Hello, dear friend, you can consult us at any time if you have any questions, add WeChat: daixieit


EEE3032:   Computer Vision and Pattern Recognition

 

1.

(a)   Apply two iterations of the k-Means algorithm on the 2D data distribution X ,

where k=2 and initial cluster centres are (28,38) and (41,70).


(b)   Given a colour image, explain how the k-Means algorithm can be used to produce spatially coherent segmentation.

(c)   Explain the purpose of the normalization step in a normalized graph cut (NCut), within the context of image segmentation.

(d)   Calculate the value of the normalized cut NCut(A, B) indicated by the dashed line on the following lattice:

 

(e)   Consider a video sequence in which a stationary camera captures images of a multi- coloured moving object.
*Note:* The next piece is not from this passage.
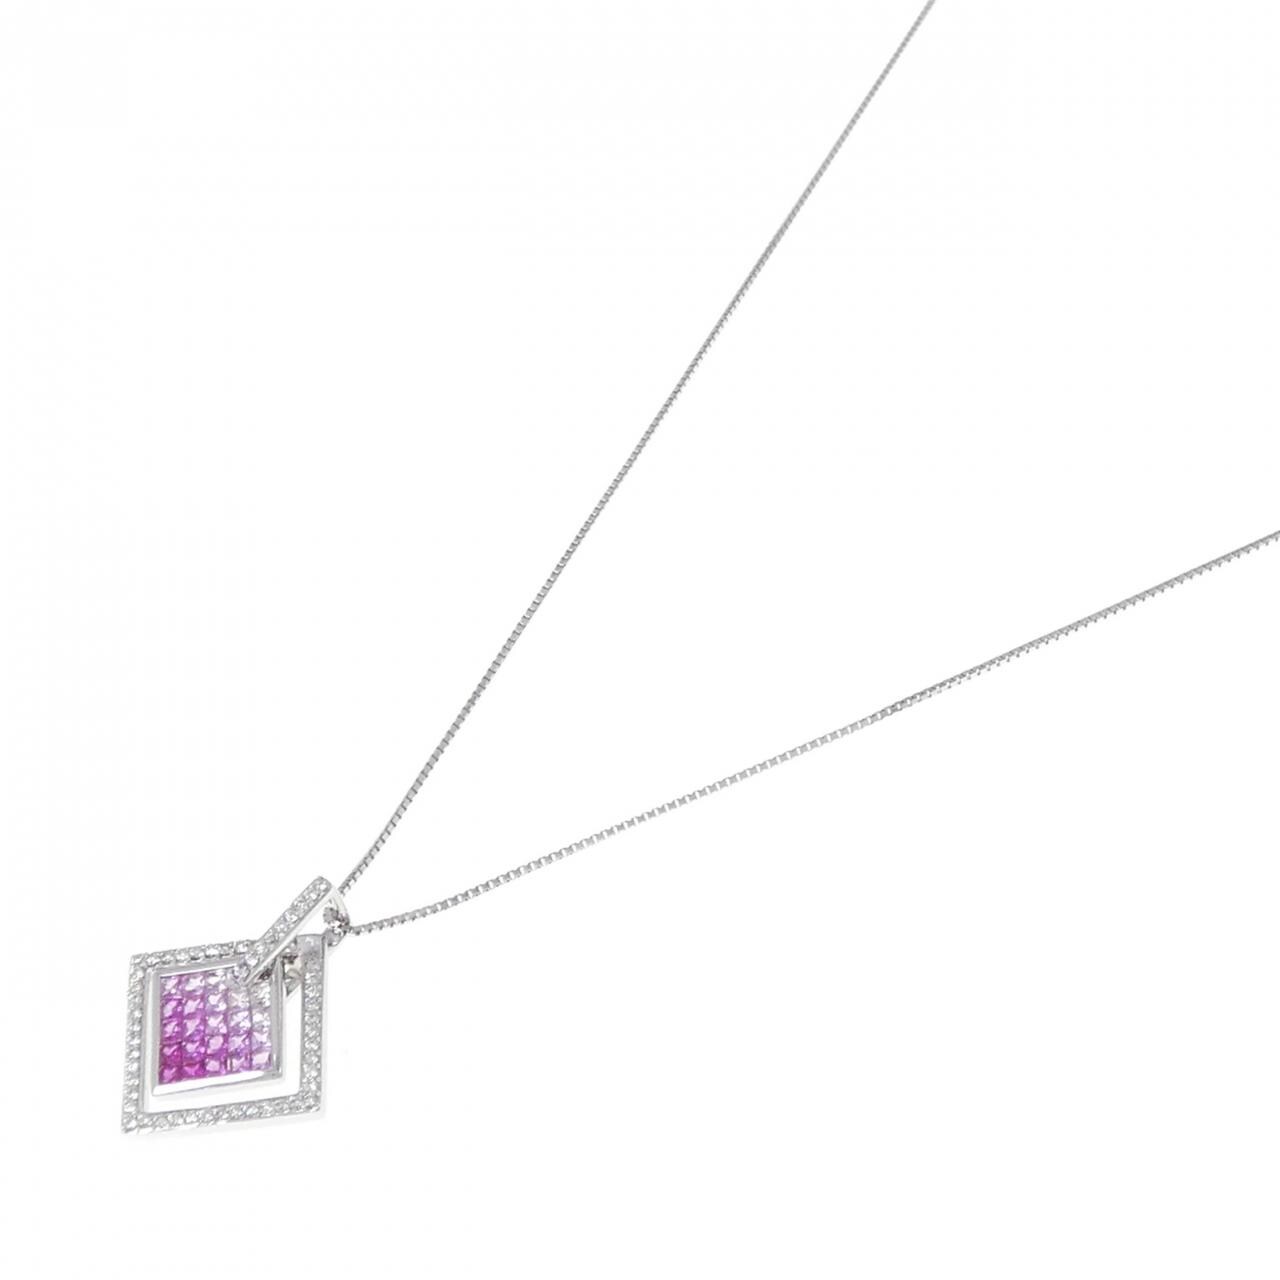 K18WG sapphire necklace 0.80CT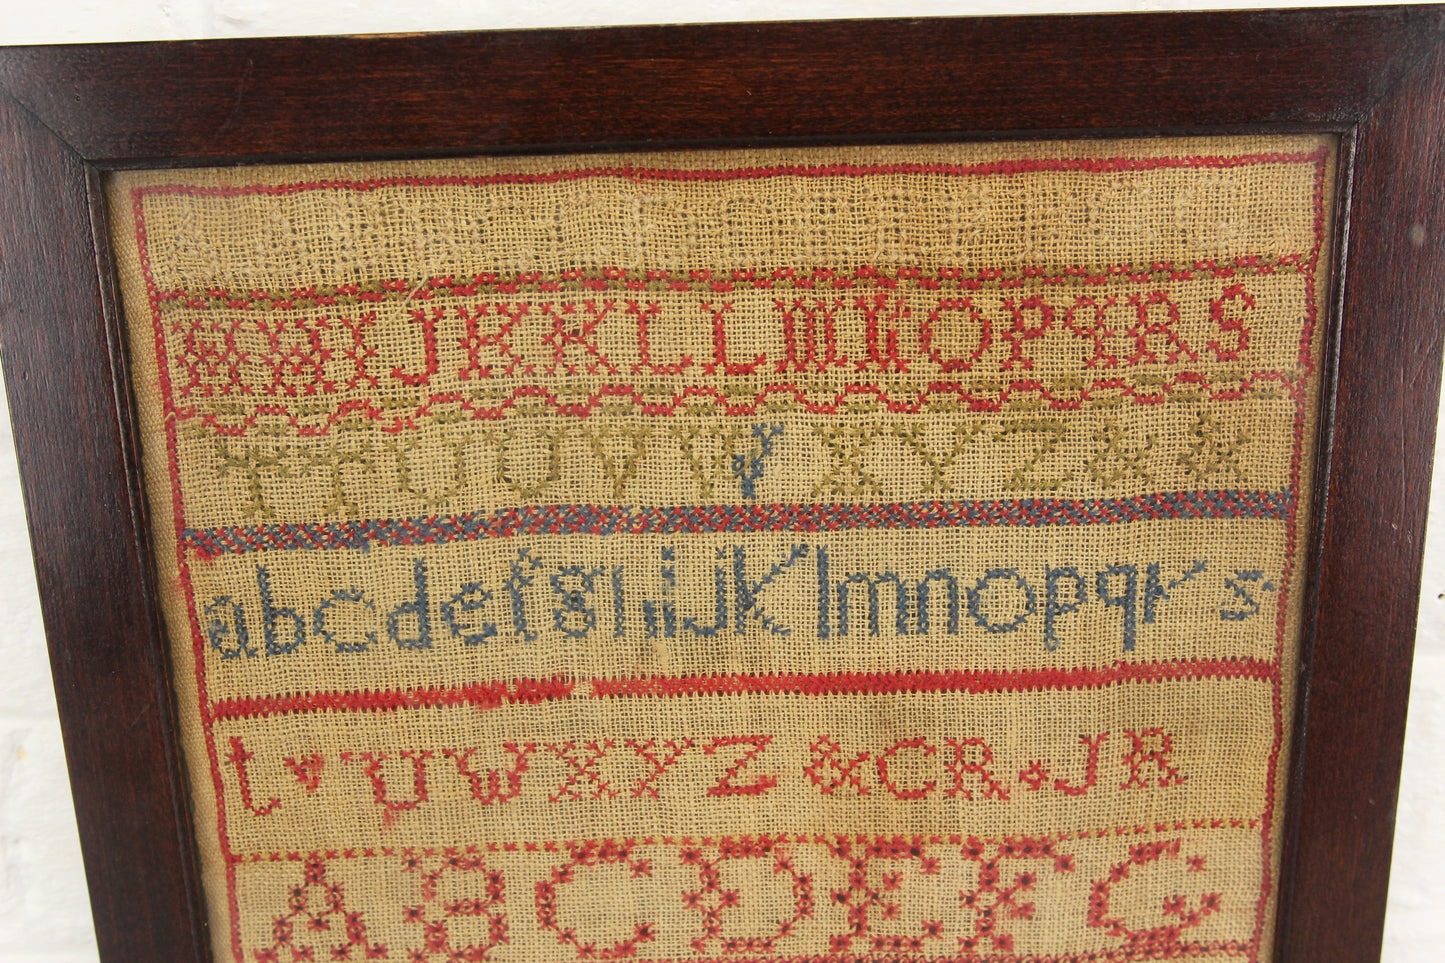 Framed Antique Embroidery Cross Stitch Alphabet Sampler - 11.5 x 15"

Briefly, suggest a method for extracting binary segmenta- tion of that moving foreground object.



2.

(a)   An Eigenmodel is computed from data X using its mean µ and a decomposition of

its co-variance (C) such that C = UVUT . What do U and V represent with respect to the distribution of X?

(b)   Calculate  the  mean   (µ)  and  co-variance   (C)  of  the  2D  point  distribution X = [x1 , x2 , ..., x5] described below


(c)   Consider the problem of detecting and tracking aeroplanes based on the shape of their 2D contours.

(i)    Briefly describe how an Eigenmodel can be use to build a Point Distribution Model (PDM) to model the statistics of a training set of aeroplane shapes.

(ii)   What is meant by the null space of the PDM? What would shapes look like sampled from within the null space of the PDM?

(iii)  Explain, with suitable mathematics, how the variation within the shapes used to train the PDM could be visualized.

(iv)  Explain how a tracking algorithm could be combined with a PDM in order to ro- bustly track a shape.

 

3.

You are building a system for sign language recognition from video. You must write the Computer Vision software to determine if a hand is present in the video, and if so which of five kinds of shape (A, B, C, D or E) the hand is making. You should use the             techniques taught on this module that you feel are most appropriate.

(a)   Assume that a contour of the hand is available.  Recommend, and describe in full

mathematical detail, an appropriate shape descriptor capable of discriminating be- tween the five hand shapes.

(b)   You decide to approach the shape recognition problem as a supervised classification task.  Describe a suitable classifier using full mathematical detail and explain how your system would be trained, and how the overall performance of the system could be evaluated.

(c)   State the product and sum rules for combining probabilities, and derive from these an expression for Bayes’ law.

(d)   Describe, with full mathematical detail, the SELECT-UPDATE-MEASURE cycle of the particle filter tracker and how this applies Bayes’ law.

 

4.

(a)   Explain what is a meant by the convolution theorem. What are its practical impli-

cations when performing filter operations on large images?

(b)   Given the following greyscale image

]Write  down  a  3  x 3  convolution  kernel  that  is  commonly  used  to  low-pass filter an image, and then perform that convolution on image I(x, y).

(c)   Explain, with appropriate diagrams, how the Bag of Visual Words (BoVW) repre- sentation can be trained and used to recognise objects in images.

(d)   How do deep learning approaches differ from classical approaches applied to the task of object recognition?

(e)   Sketch the architecture of the AlexNet convolutional neural network (CNN) archi-

tecture [Krizhevsky et al., NIPS 2012]. Ensure you name and label the layers.

(f)    What is the significance of the ReLu layer in a CNN?

(g)   Deep learning models typically perform well when trained using a large amount of data.   Suggest one way to mitigate this issue when only limited training data is available.